Protein concentrations of the supernatant samples were measured the method of Lowry et al (18).

NO assay

NO level of the supernatant and serum samples was measured as total nitrite with the spectrophotometric Griess reaction. Because, it was showed that plasma nitrite/nitrate is an index of endogenous NO production (19,20). The procedure was partly adapted from the method described by Ozbek et al (21) Results were reported as nanomole/g wet tissue for tissue and micromole/liter for serum.

Measurement of the supernatant and serum ADMA, SDMA, and L-arginine levels

The supernatant and serum ADMA, SDMA, and L-arginine concentrations were measured with high performance liquid chromatography using commercially available kits (Eureka Laboratory Division s.r.l., Chiaravalle, Italy). The results were expressed as micromole/liter.

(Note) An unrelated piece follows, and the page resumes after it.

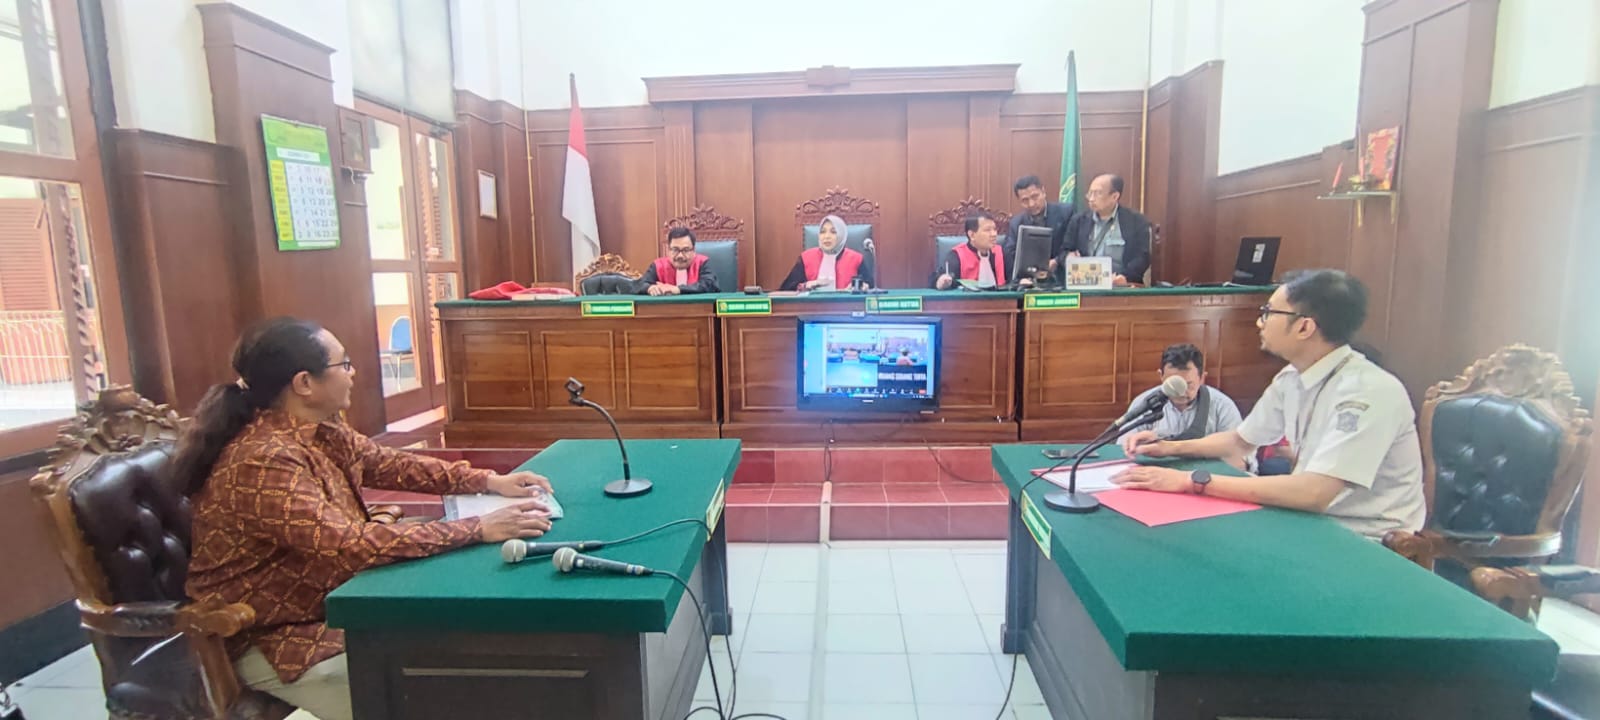 Sidang Perdana Penjual Rujak Cingur Gugat Wali Kota Surabaya Ditunda

Measurement of the supernatant and serum total antioxidant status (TAS) and total oxidant status (TOS) levels

The supernatant and serum TAS and TOS concentrations were measured with spectrophotometer (microplate reader; Synergy H1) using commercially available kits (Rel Assay Diagnostics, Gaziantep, Turkey). The results were expressed as millimole Trolox Eqv/liter for TAS and micromole H2O2 Eqv/liter for TOS.

Measurement of the supernatant IL-1β, IL-6, TNF-α levels

The supernatant IL-1β, IL-6, TNF-α levels was measured spectrophotometrically using Elabscience Raybiotech commercial kits (microplate reader; Synergy H1).

Oxidative stress index (OSI)

The ratio of TOS to TAS was accepted as OSI. The OSI value was calculated according to the following formula: OSI (arbitrary unit)=TOS (micromole H2O2 Eqv/liter)/TAS (millimole Trolox Eqv/liter) (22).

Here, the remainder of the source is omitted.